**Collected data:**
+===+
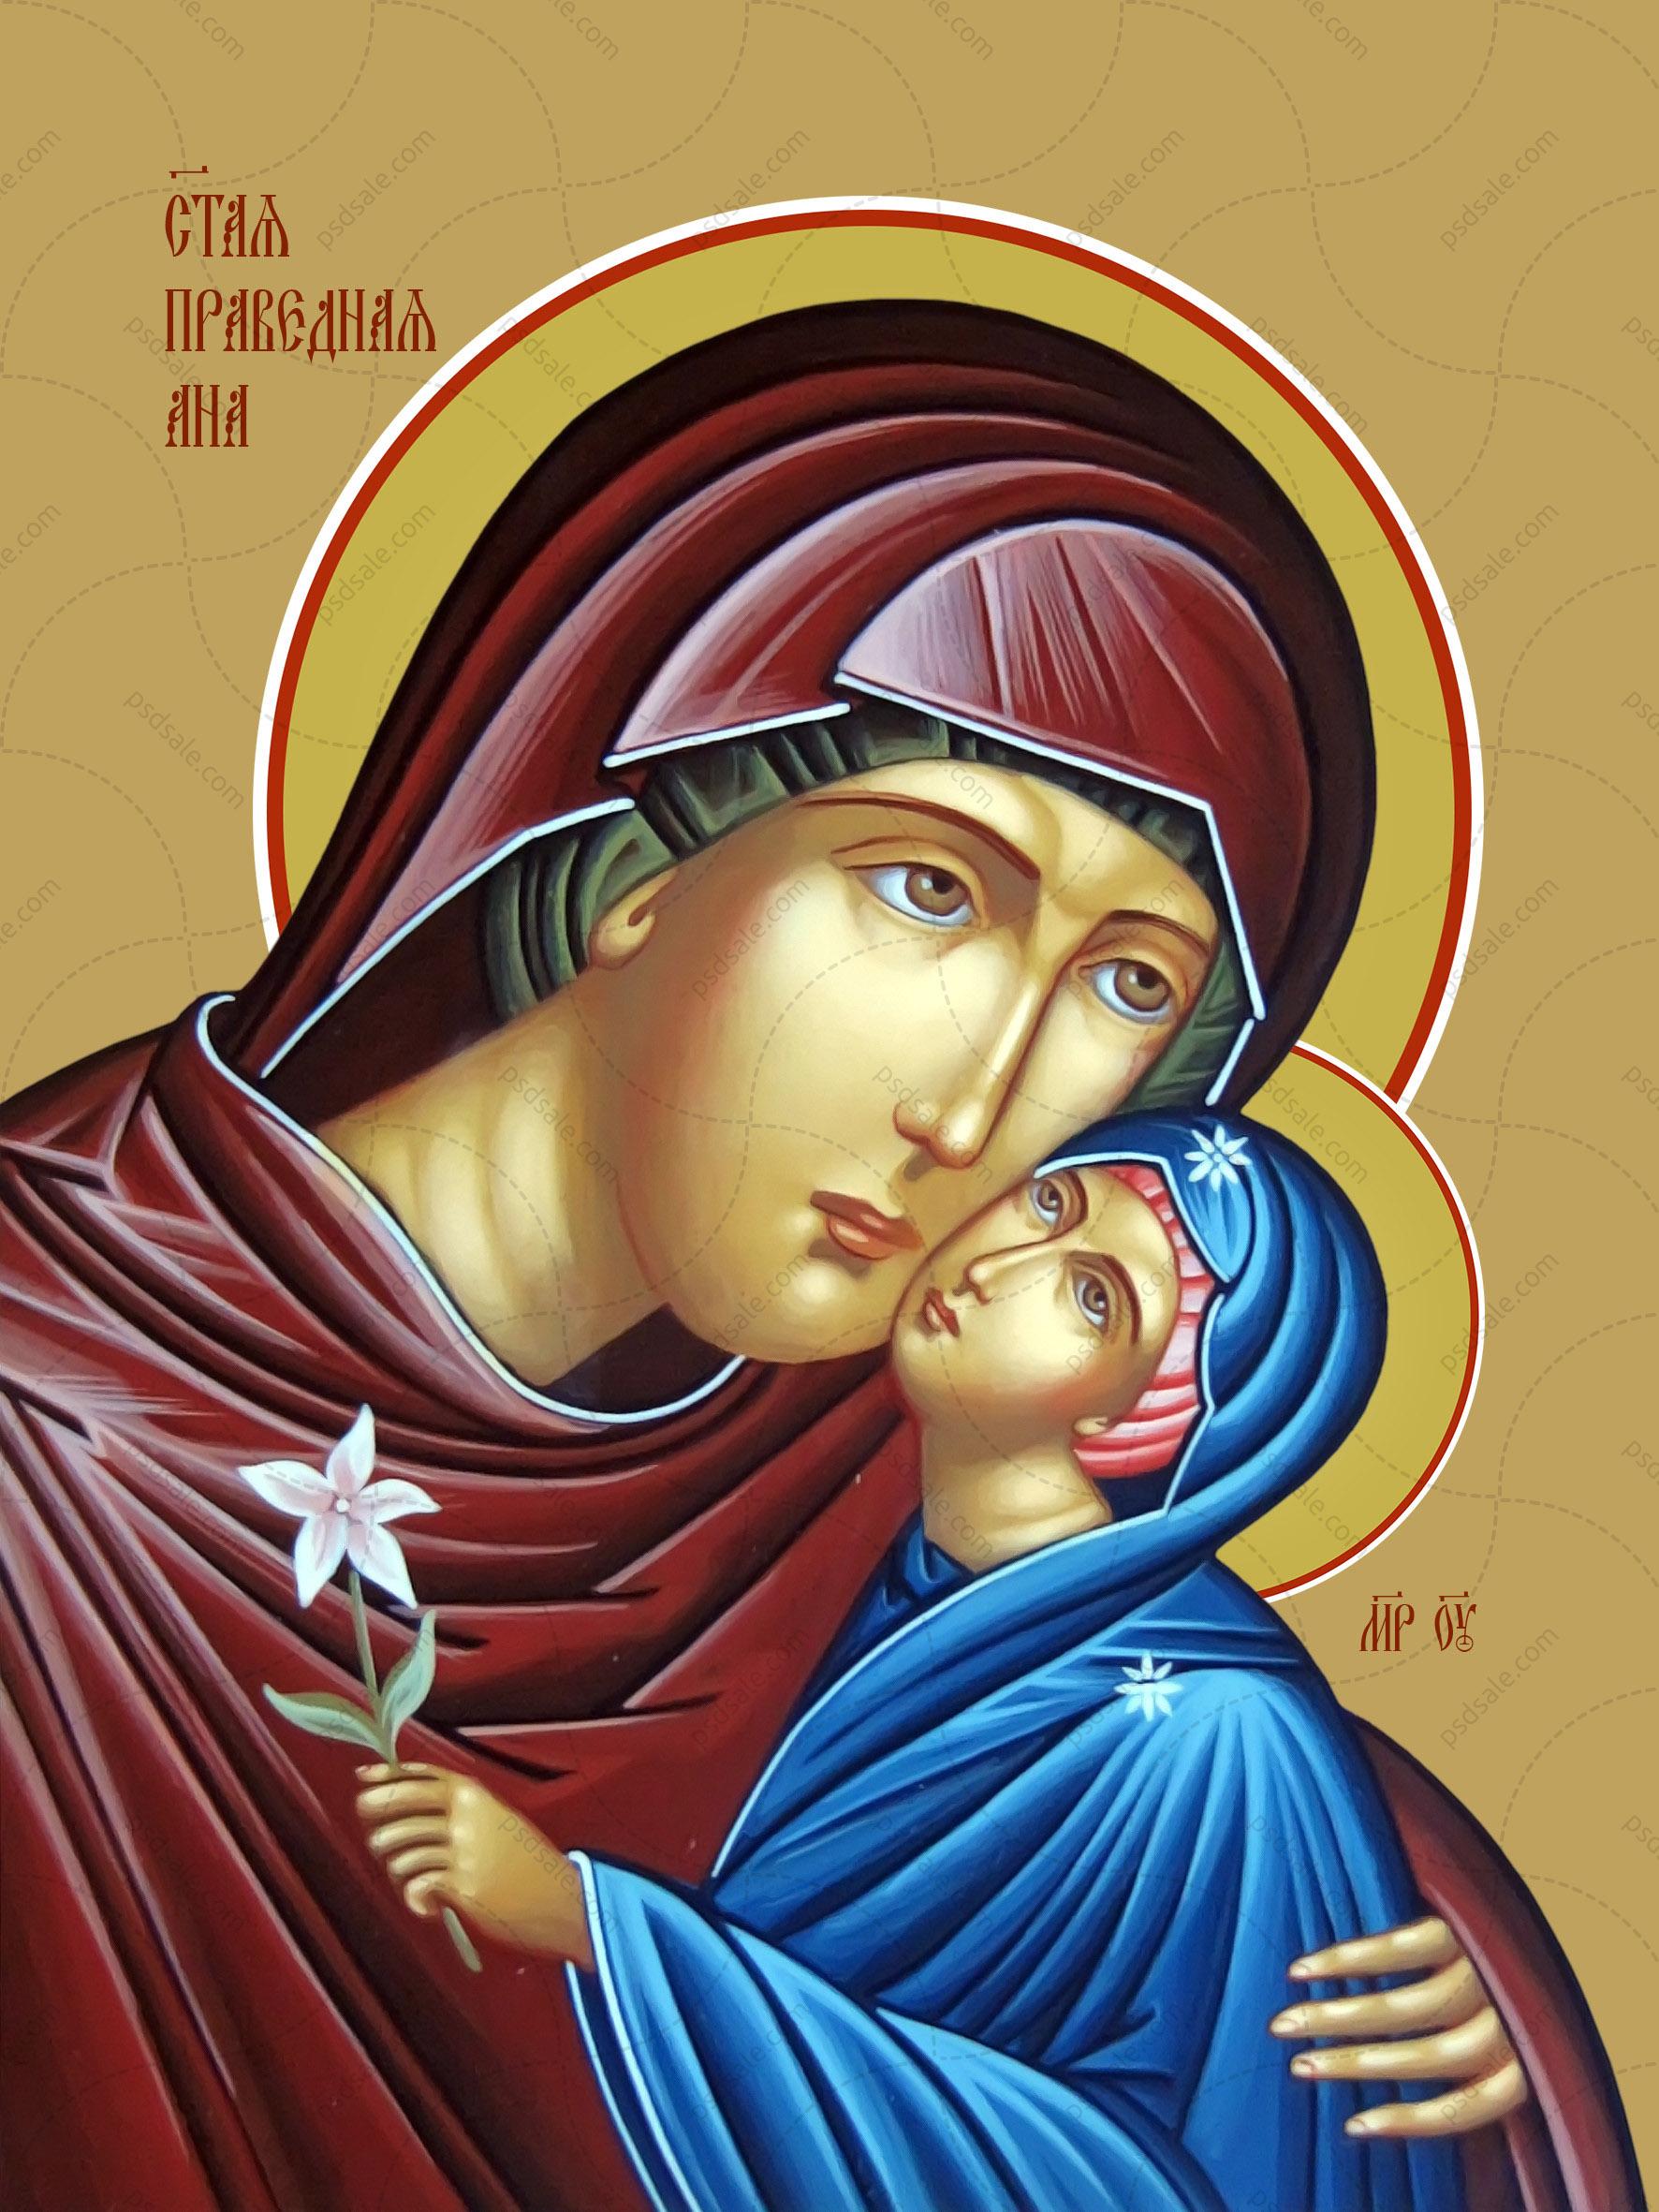 Анна Праведная, святая
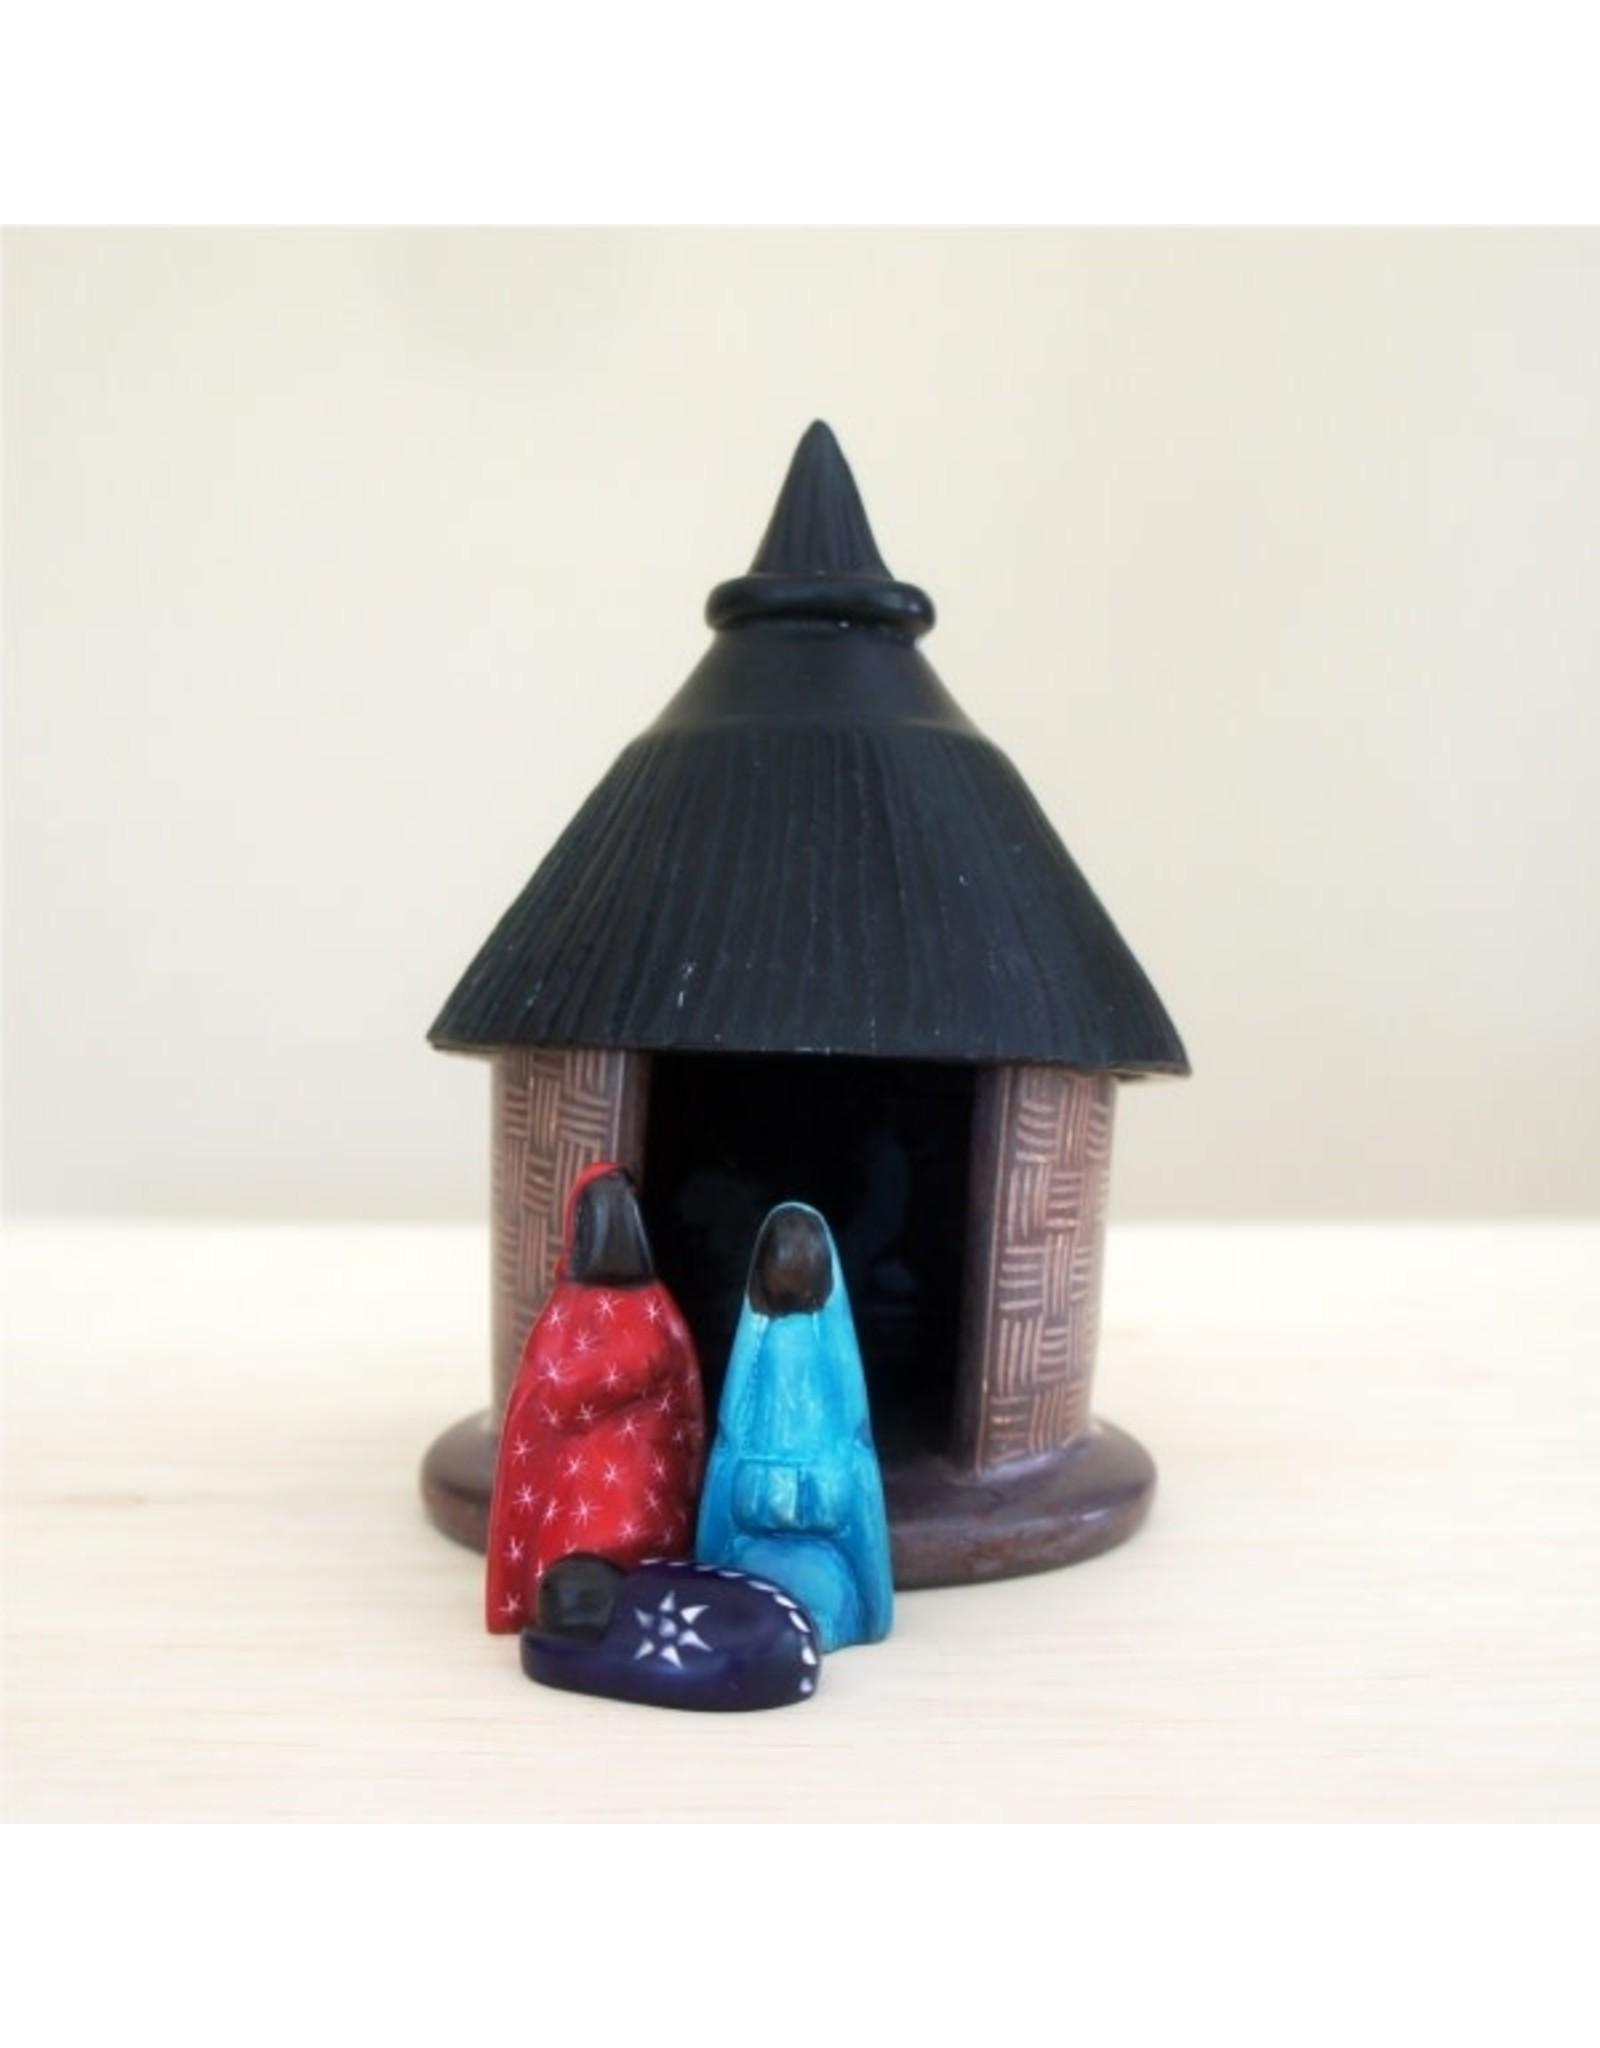 Venture Imports Colourful Kisii Stone Hut Nativity, 5pcs. Kenya.
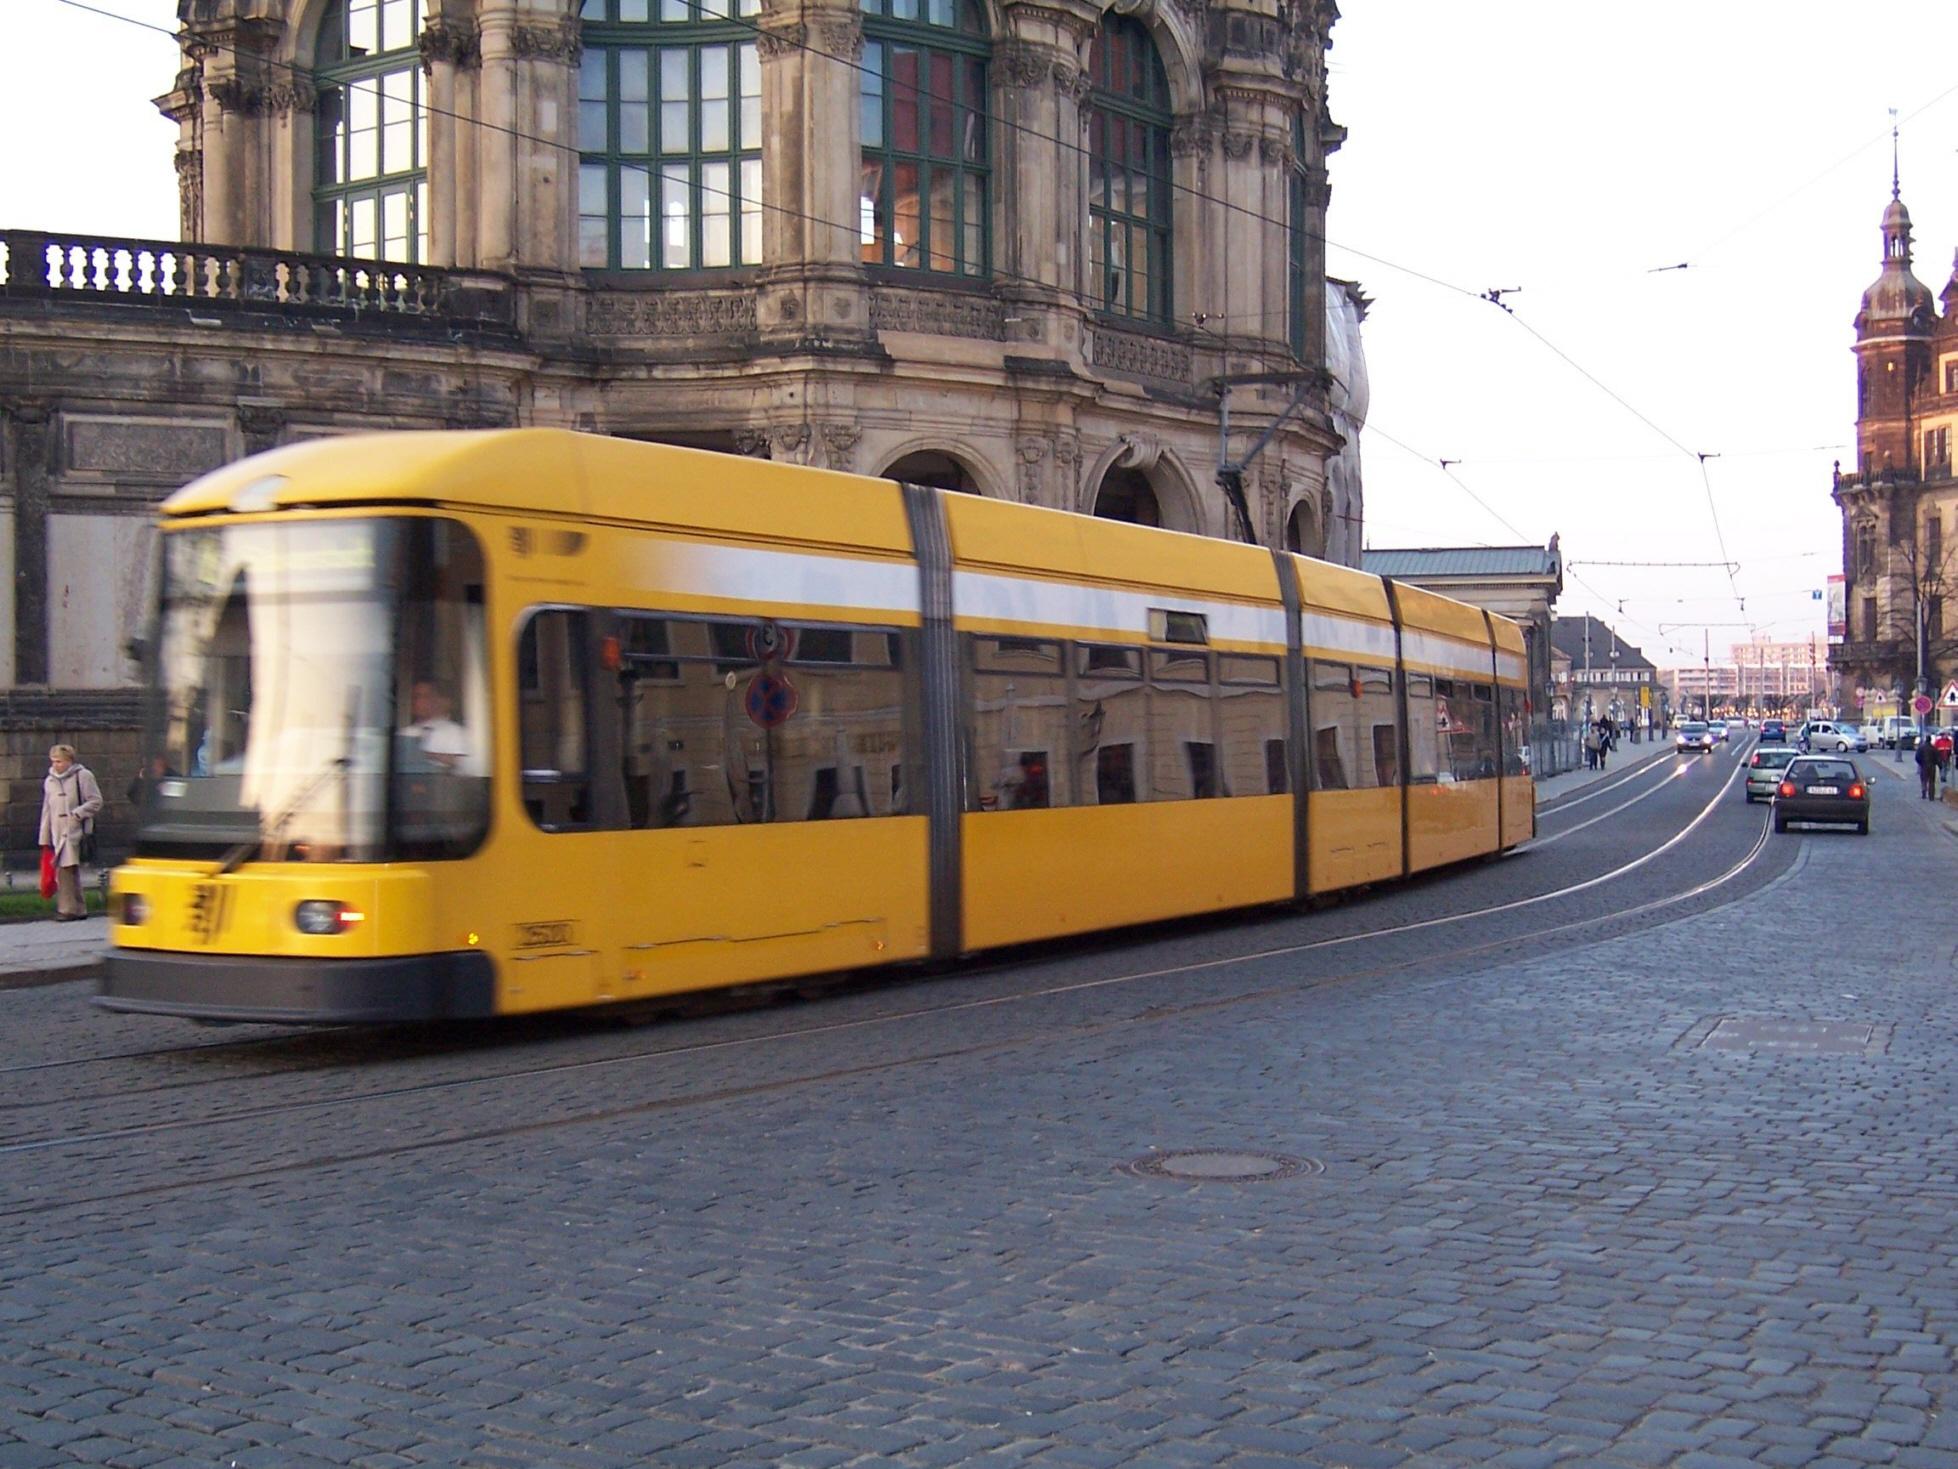 Straßenbahn (Tram) in der Dresdner Altstadt
+===+
**Exercise prompt:** Repeat the material exactly. Any picture in it should be dropped.

**Solution for this exercise:**
 Анна Праведная, святая
 Venture Imports Colourful Kisii Stone Hut Nativity, 5pcs. Kenya.
 Straßenbahn (Tram) in der Dresdner Altstadt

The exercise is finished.